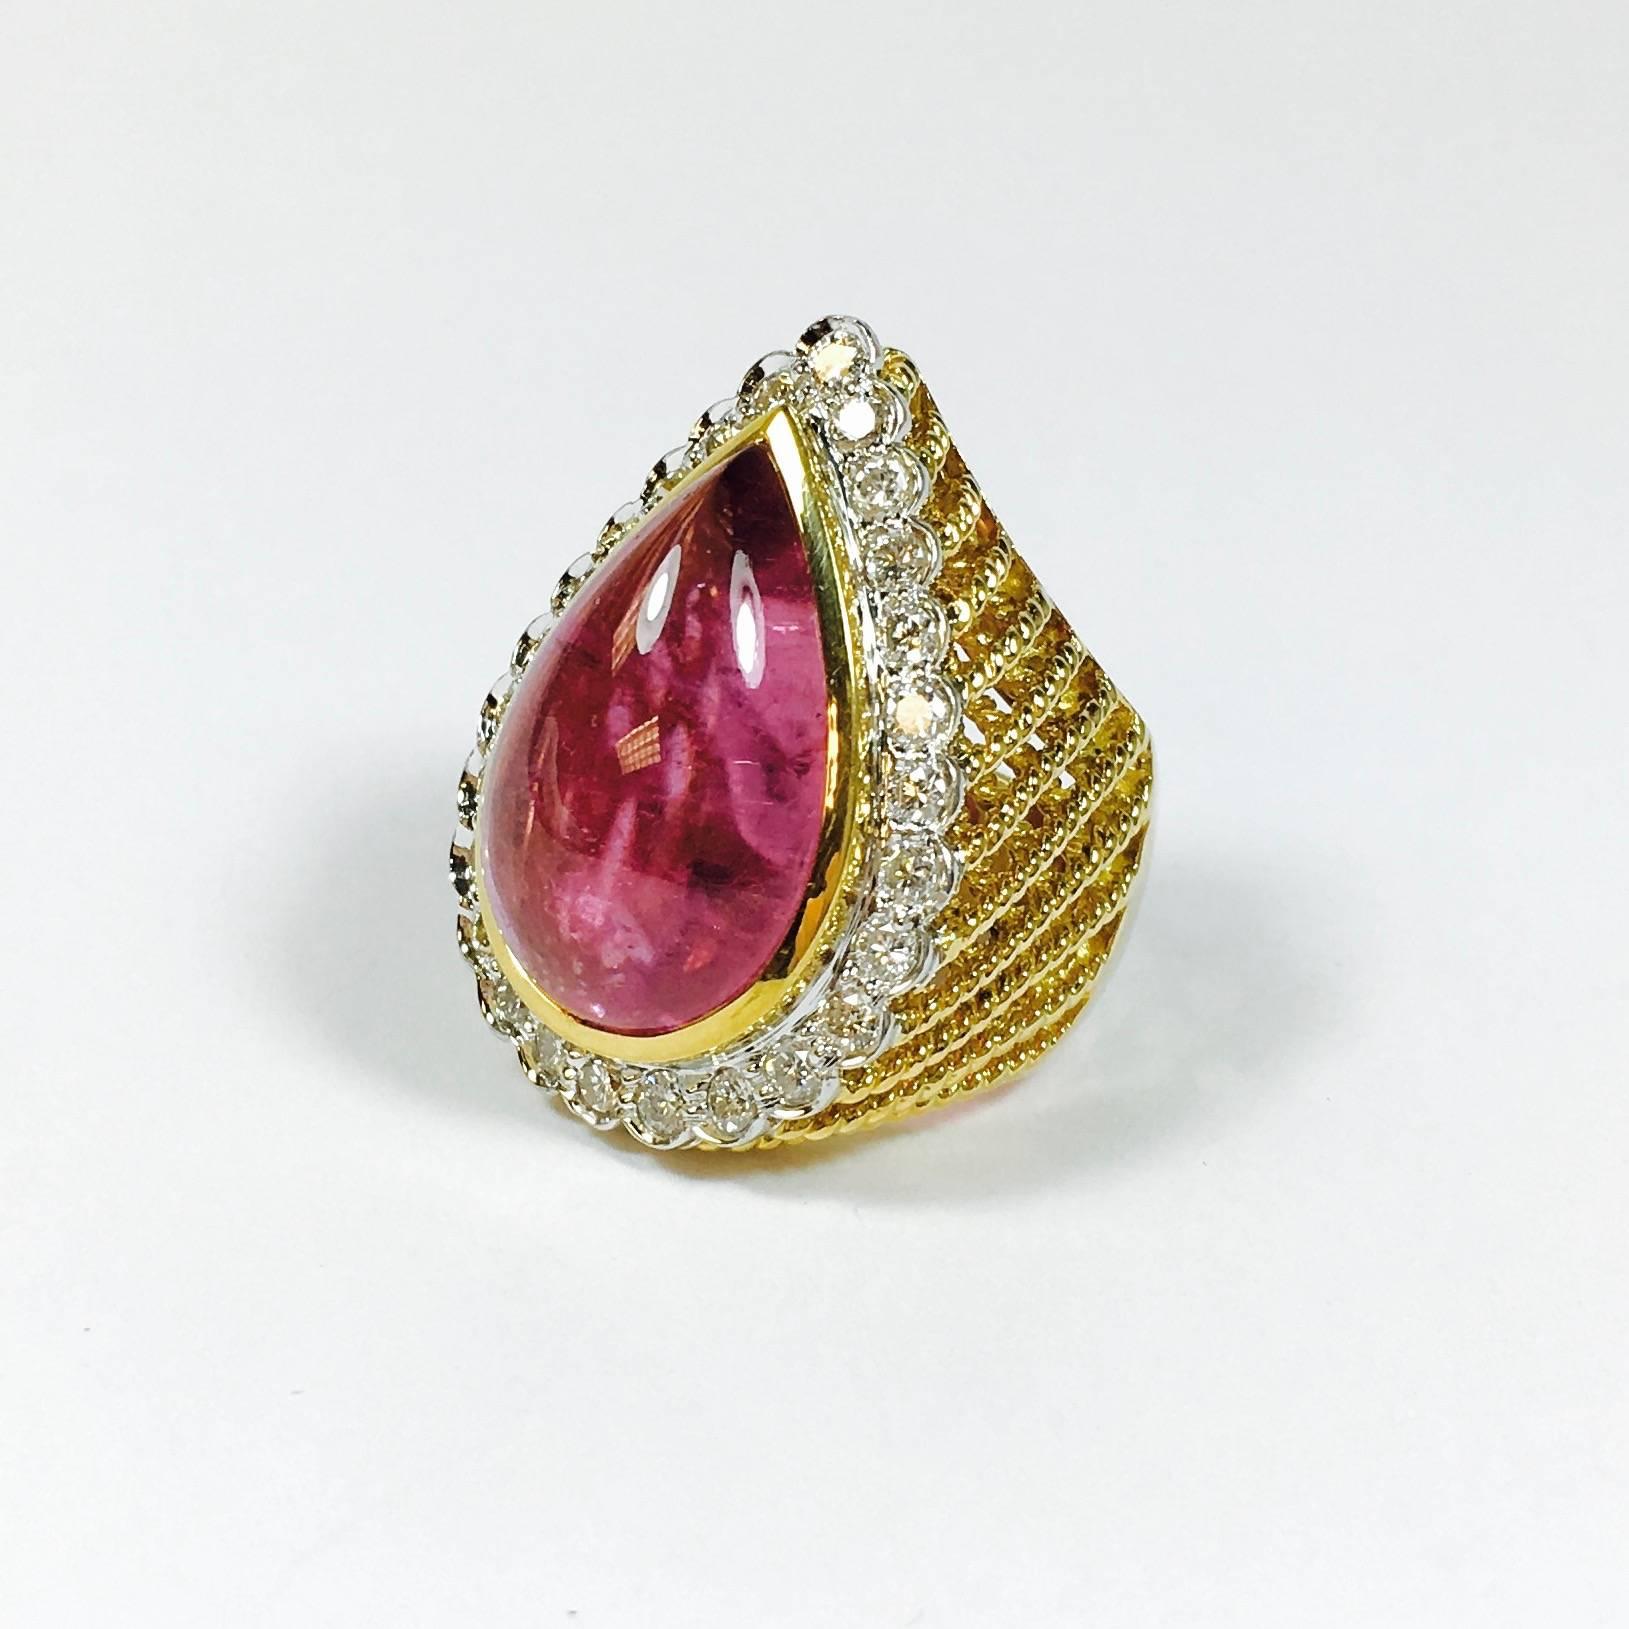 This beauty features a teardrop shaped 22 x 14 mm, approximately 20ct pink tourmaline cabochon set within a bezel of diamonds, supported by lattice design gold gallery, completed by a 6 mm wide gold band. 14K gold. Excellent workmanship. 
26 round
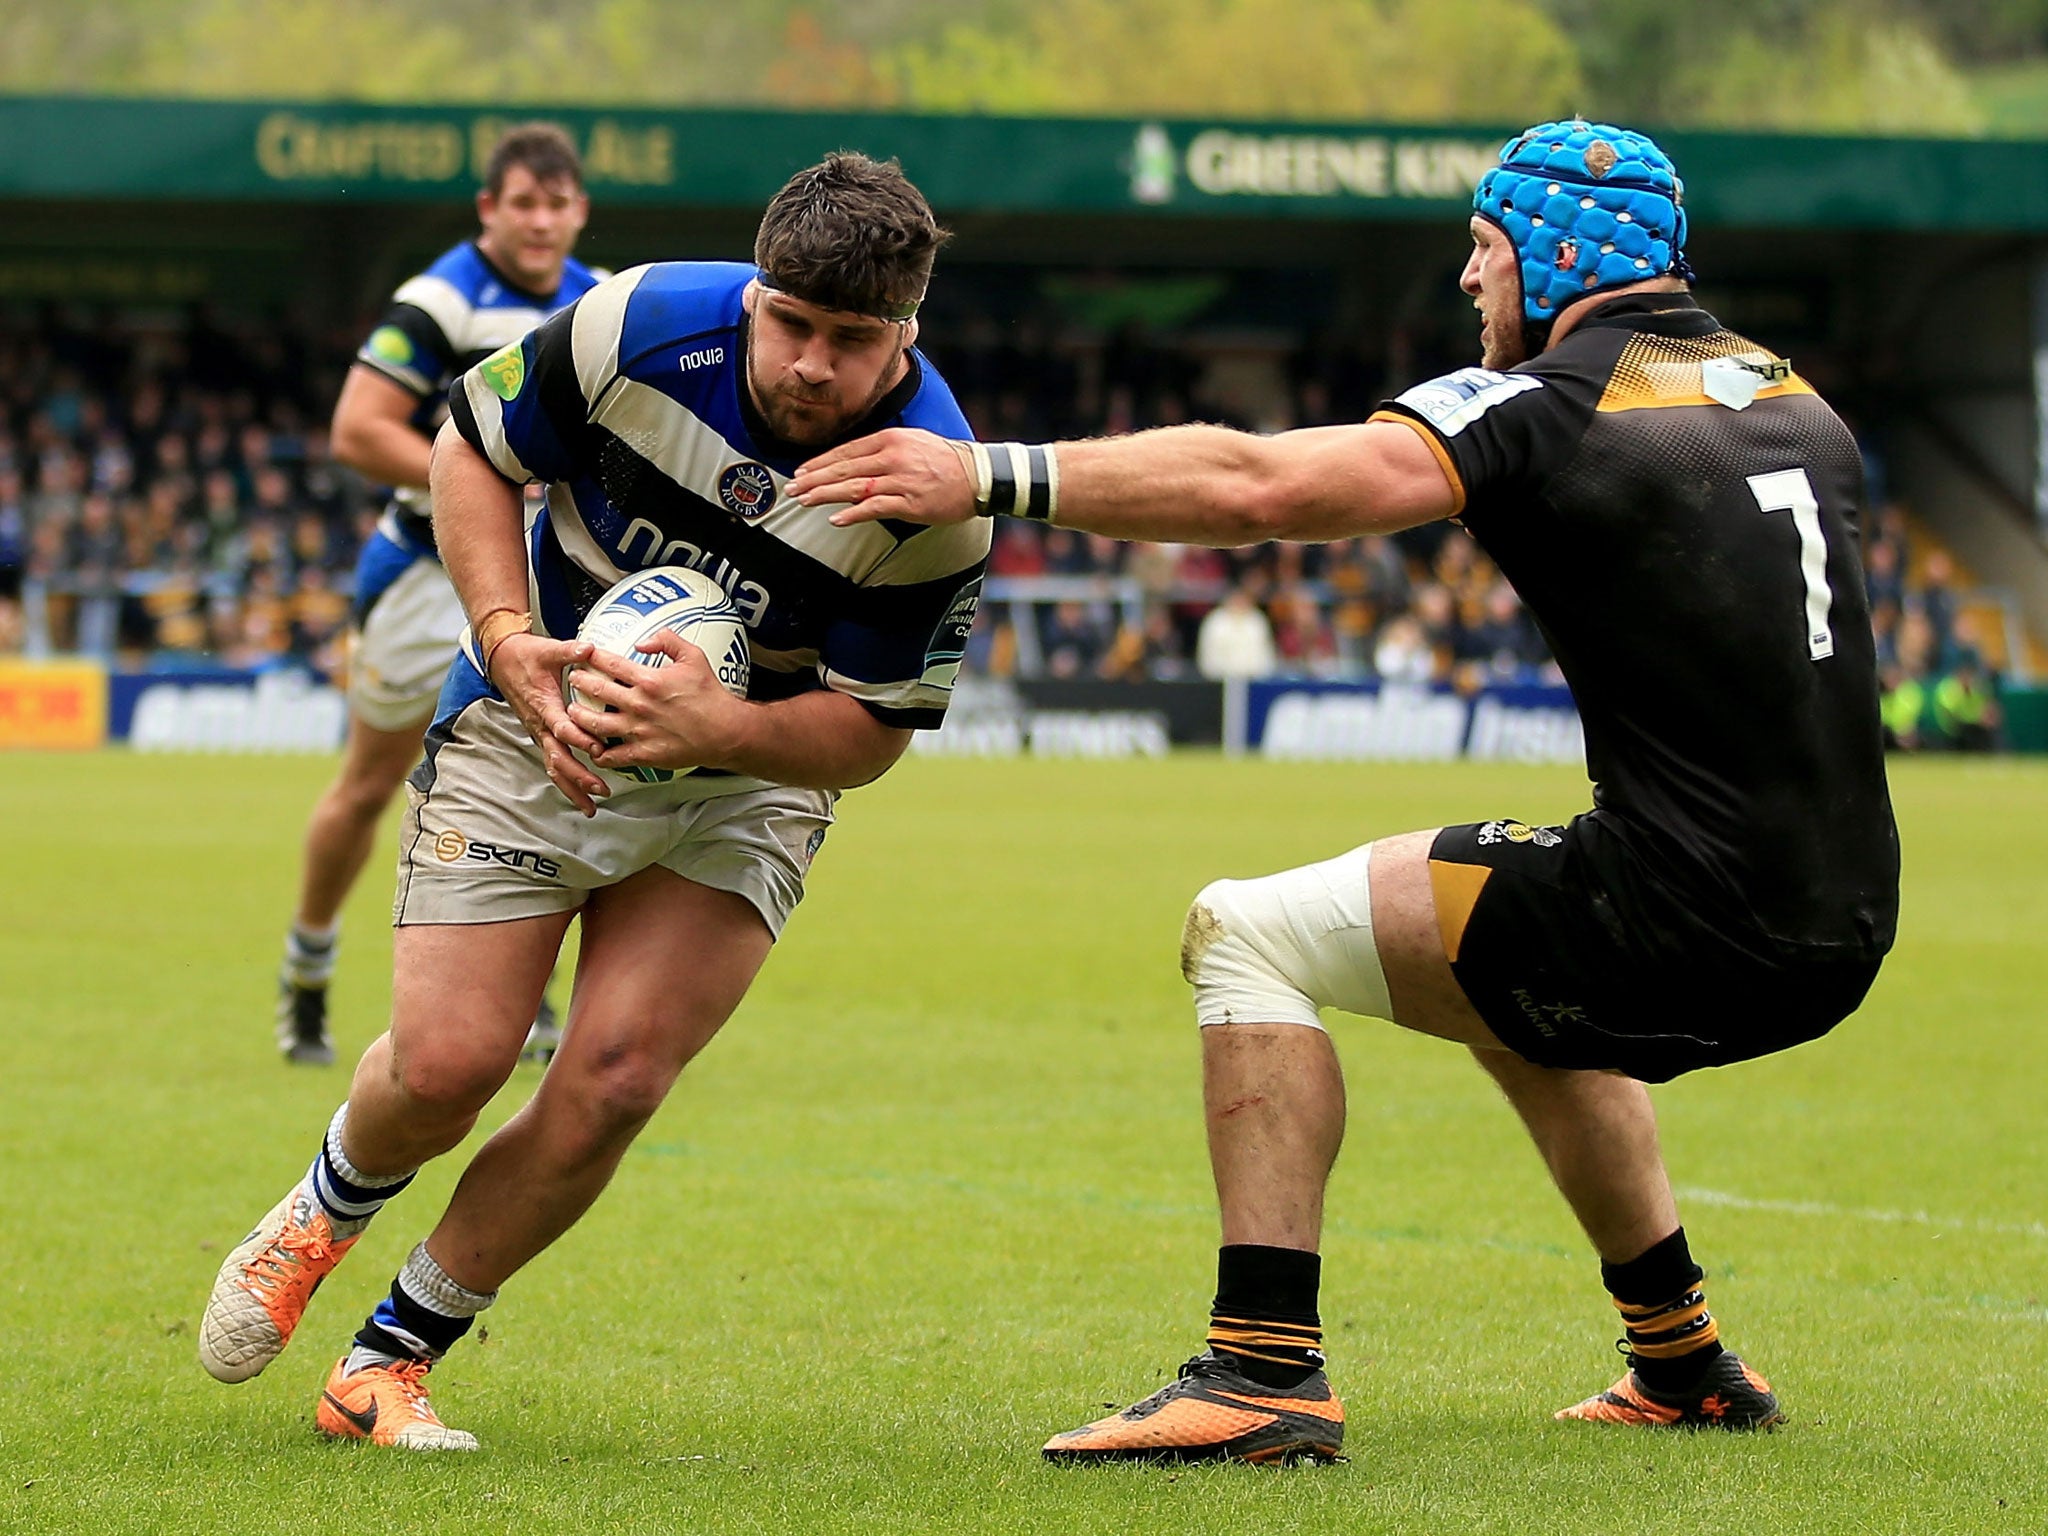 Rob Webber of Bath goes over to score a try after a poor line-out throw by Wasps’ Carlo Festuccia

Work instruction:
Copy the listing exactly but drop its images.

Expected output:
 This beauty features a teardrop shaped 22 x 14 mm, approximately 20ct pink tourmaline cabochon set within a bezel of diamonds, supported by lattice design gold gallery, completed by a 6 mm wide gold band. 14K gold. Excellent workmanship. 
26 round
 Rob Webber of Bath goes over to score a try after a poor line-out throw by Wasps’ Carlo Festuccia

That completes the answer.